Plenty of people will be happy to splash a few hundred pounds on a personalised number plate for their classic, but if you fancy something as exclusive as F1, then you’ll have to splash rather more cash than that.

Bought by Afzal Kahn for £440,000 in 2008 (which at the time was a record price in the UK for a registration number at auction), the F1 registration was recently listed on www.Plates4Less.co.uk at £12,250,270.83.

Once compulsory government charges have been added to that asking price, it will set you back a cool £14,700,405, or as we like to think of it, the equivalent of 3267 Austin Allegros in first class condition.

That may be a little beyond the means of us at CW, but the general public’s appetite for personalised registrations seems as strong as ever with over £111 million being spent on them last year alone.

At the DVLA’s most recent sale, the total raised was over £5.2 million from 4900 registered bidders.

Highest price on the day was 1 SVR – it fetched £45,000 at the gavel, though the cost including fees to the Birmingham-based businessman who waggled his finger most vigorously was £58,400.
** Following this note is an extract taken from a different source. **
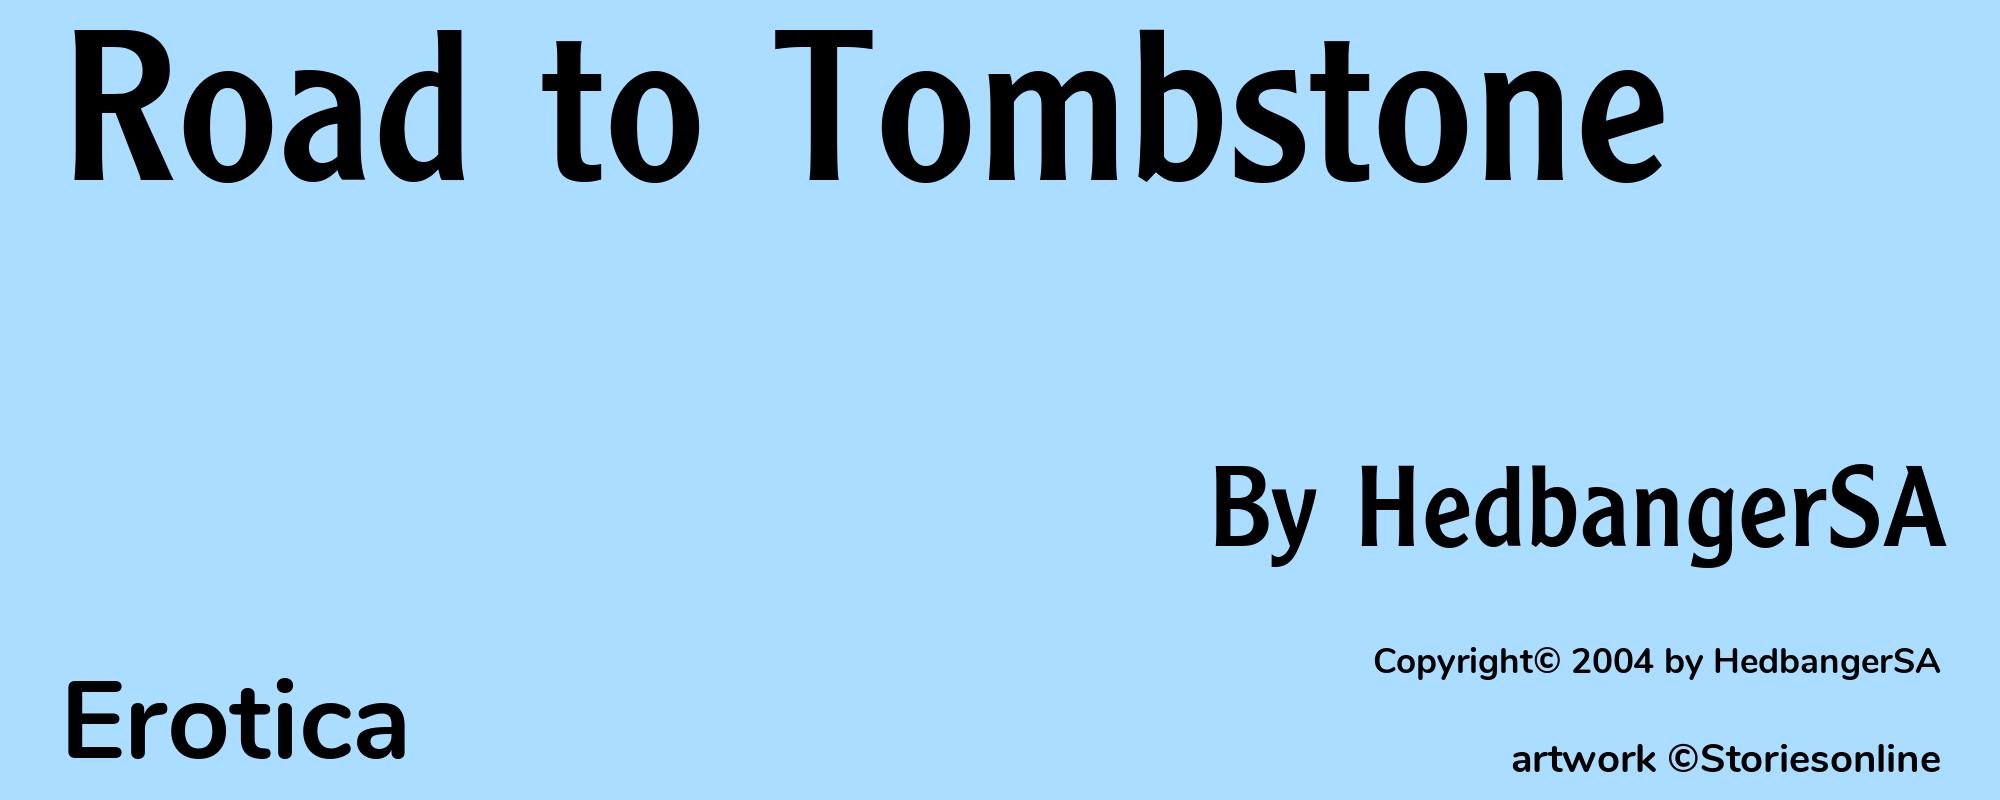 Road to Tombstone - Cover

That was still some way short of the top price paid so far at auction, the £518,000 paid for 25 O in 2014 and a number believed to now be on a Ferrari 250SWB worth around £10million.

We have to admire the buyer of S1 in 2008, though. This was claimed to be Scotland’s first ever registration number, and the anonymous buyer who paid £404,000 for it said he was going to put it on an old Skoda.

Rather puts the old joke about doubling a Skoda’s value by filling up the tank with petrol into the shade, doesn’t it?